7Step 7: Combine Solutions

The general solution is the sum of the complementary and particular solutions: $y(x) = C_1 + C_2 e^{-2x} + x + \frac{5}{2} + e^{-2x}$.

Key Concepts

Undetermined CoefficientsNon-Homogeneous EquationsComplementary SolutionParticular Solution

Undetermined Coefficients

The method of undetermined coefficients is a technique used to find a particular solution to certain types of non-homogeneous differential equations. It is especially useful when the non-homogeneous part is a linear combination of exponentials, polynomials, sine, or cosine functions.

The basic idea is to assume a form for the particular solution, with undetermined coefficients.

For a polynomial non-homogeneous part like "2x + 5", assume a polynomial form.
For an exponential term like "e^{-2x}", assume an exponential form.

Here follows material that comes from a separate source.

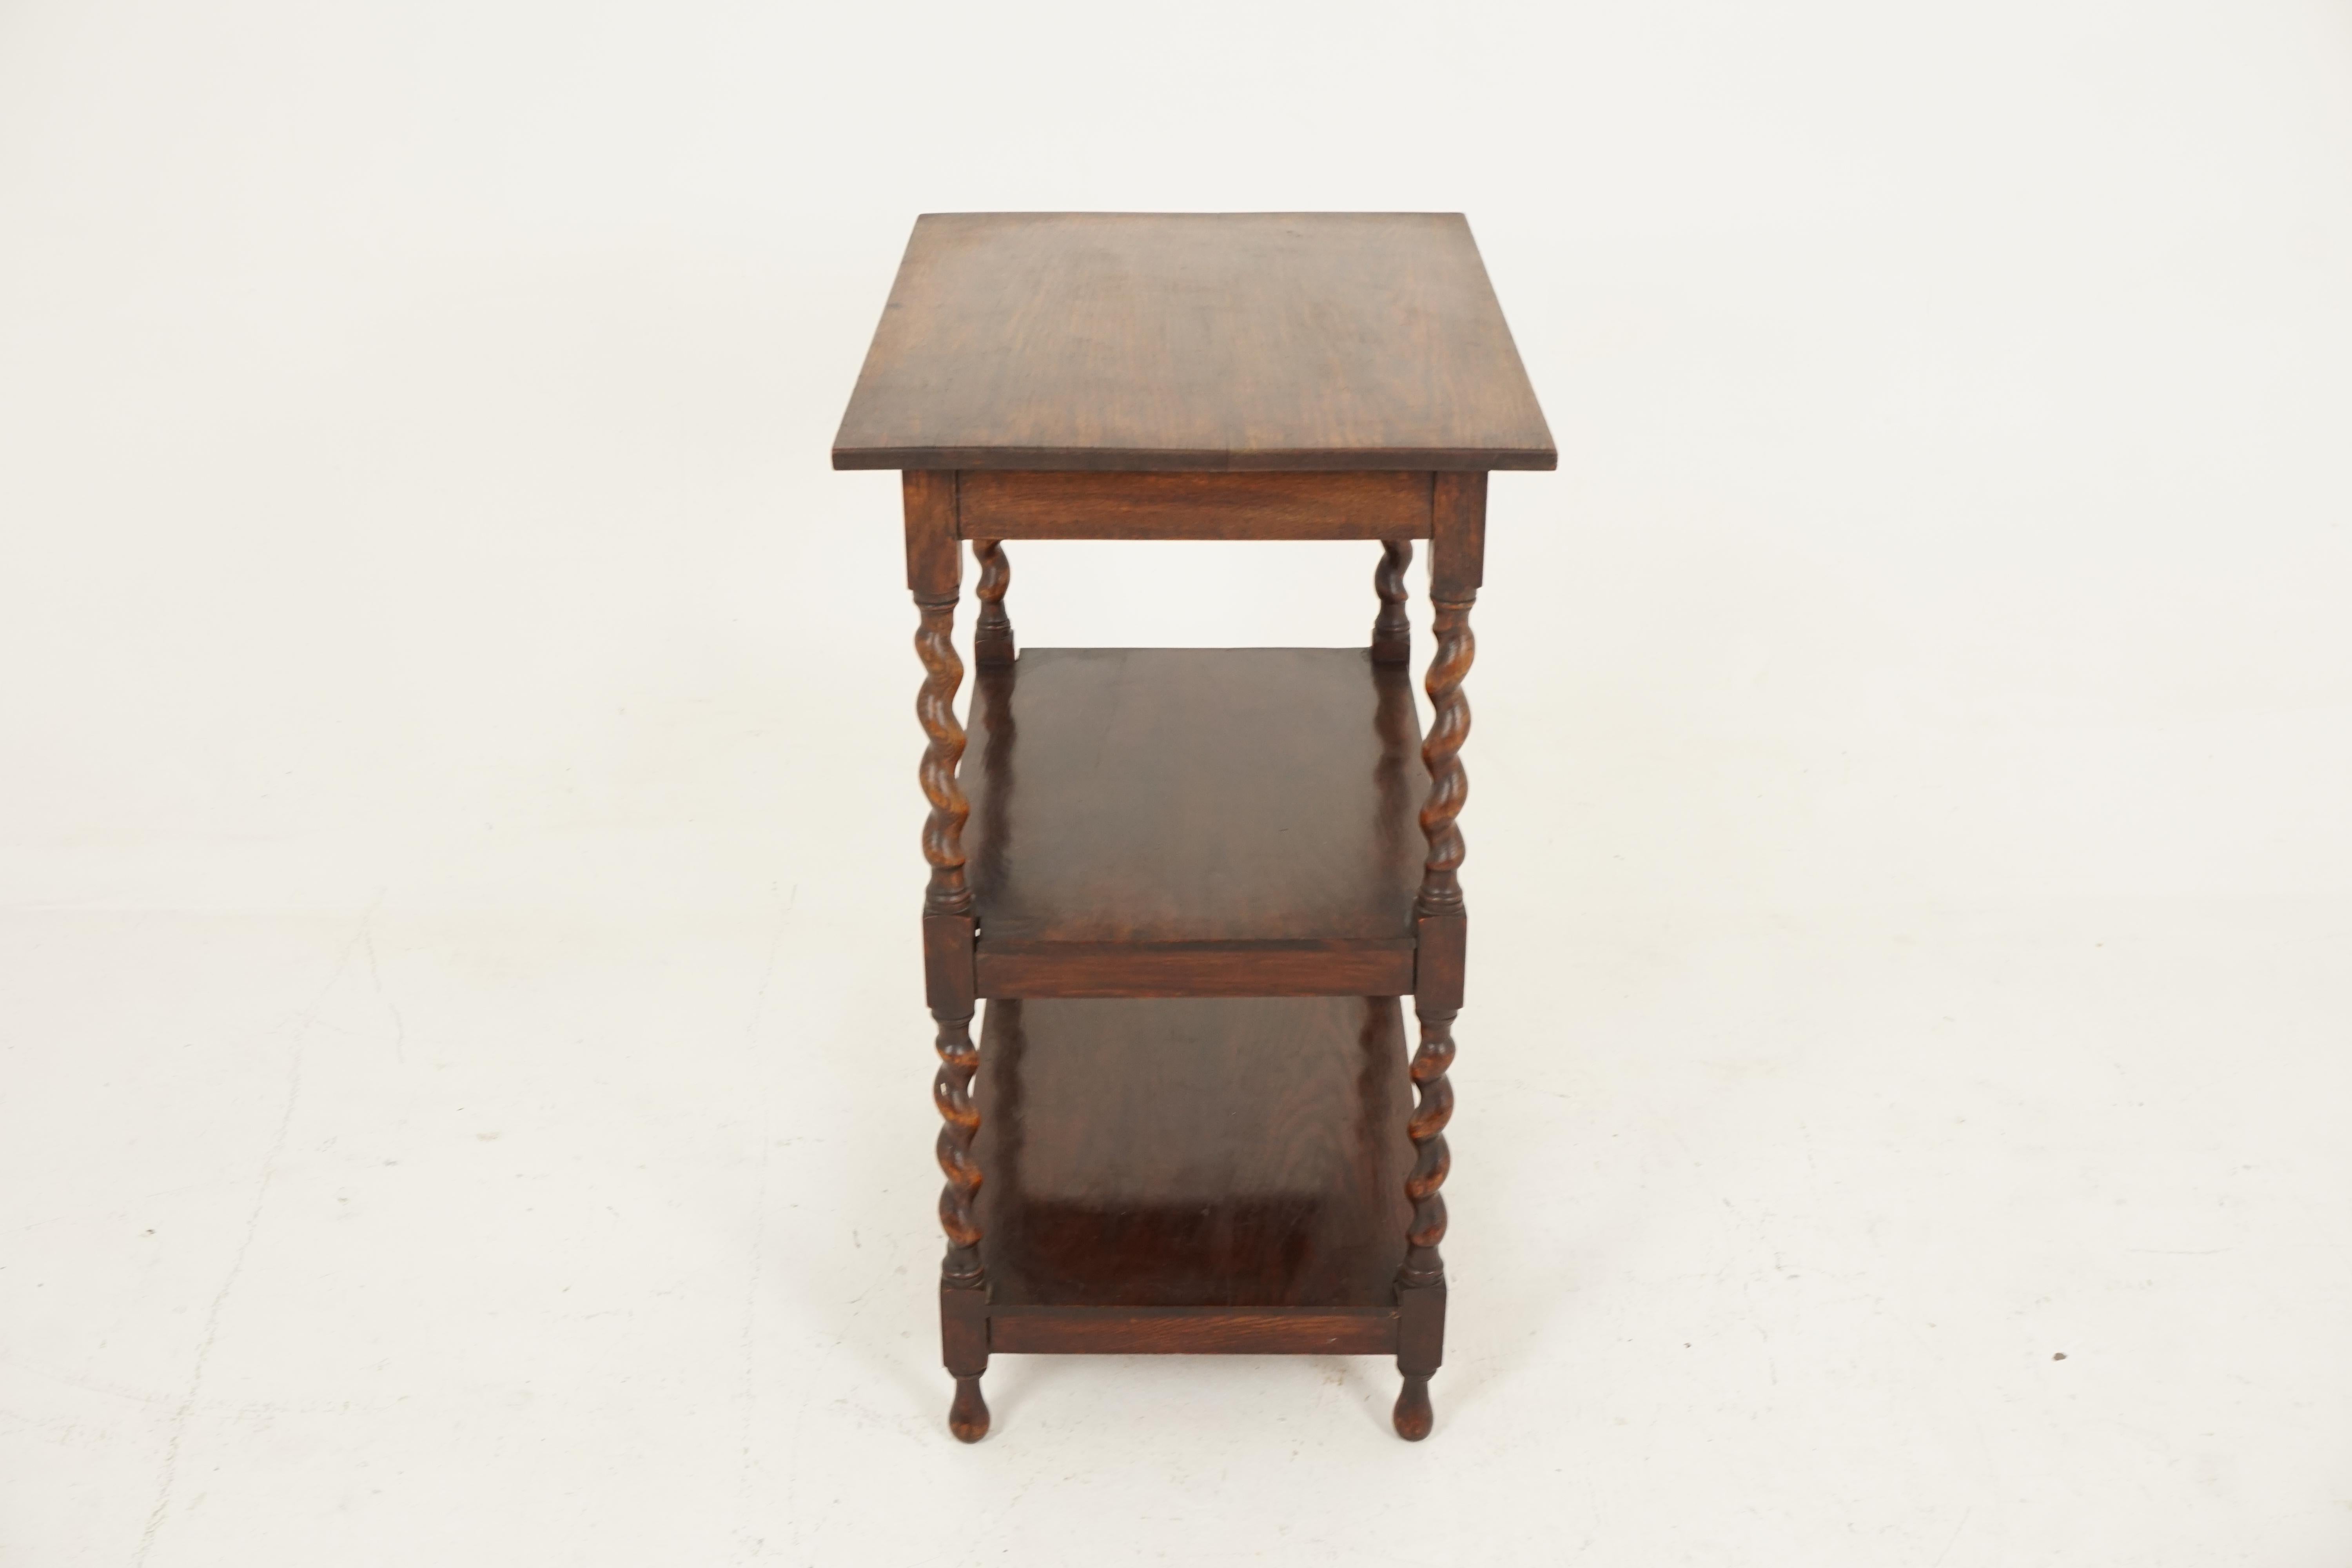 Hand-Crafted Antique Barley Twist 3 Tier Tiger Oak Table, Side or Lamp, Scotland 1910, B2349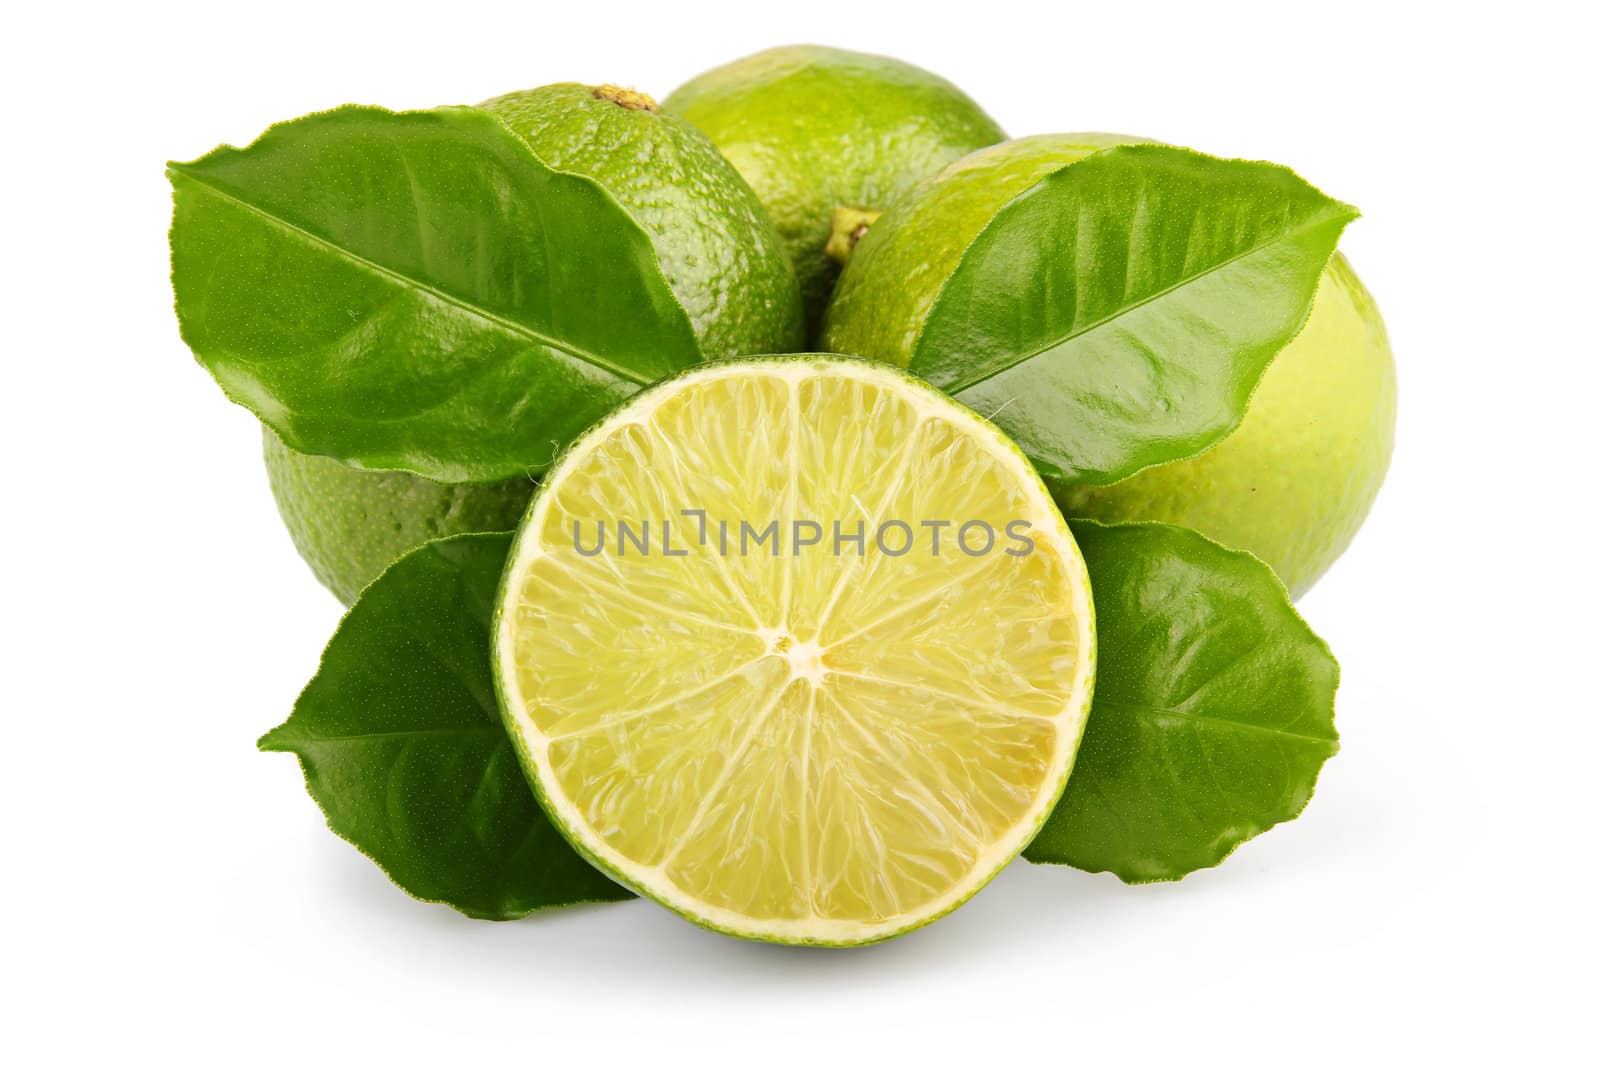 Ripe lime fruits with green leaves isolated on white background

In the exercise, the assumed particular solution was the linear polynomial plus an exponential:
\[ y_p = Ax + B + Ce^{-2x} \]
Given this form, the next step is to adjust it by calculating derivatives and substituting them back into the original equation to find the values of the coefficients $A$, $B$, and $C$.

Non-Homogeneous Equations

A non-homogeneous differential equation contains a term that is not dependent on the function or its derivatives. This term is often referred to as the **non-homogeneous part** or the *forcing function*.
In the given exercise, the differential equation is non-homogeneous and can be written as:

$ y^{\prime \prime} + 2y^{\prime} = 2x + 5 - e^{-2x} $

The expression "2x + 5 - e^{-2x}" is what makes the equation non-homogeneous.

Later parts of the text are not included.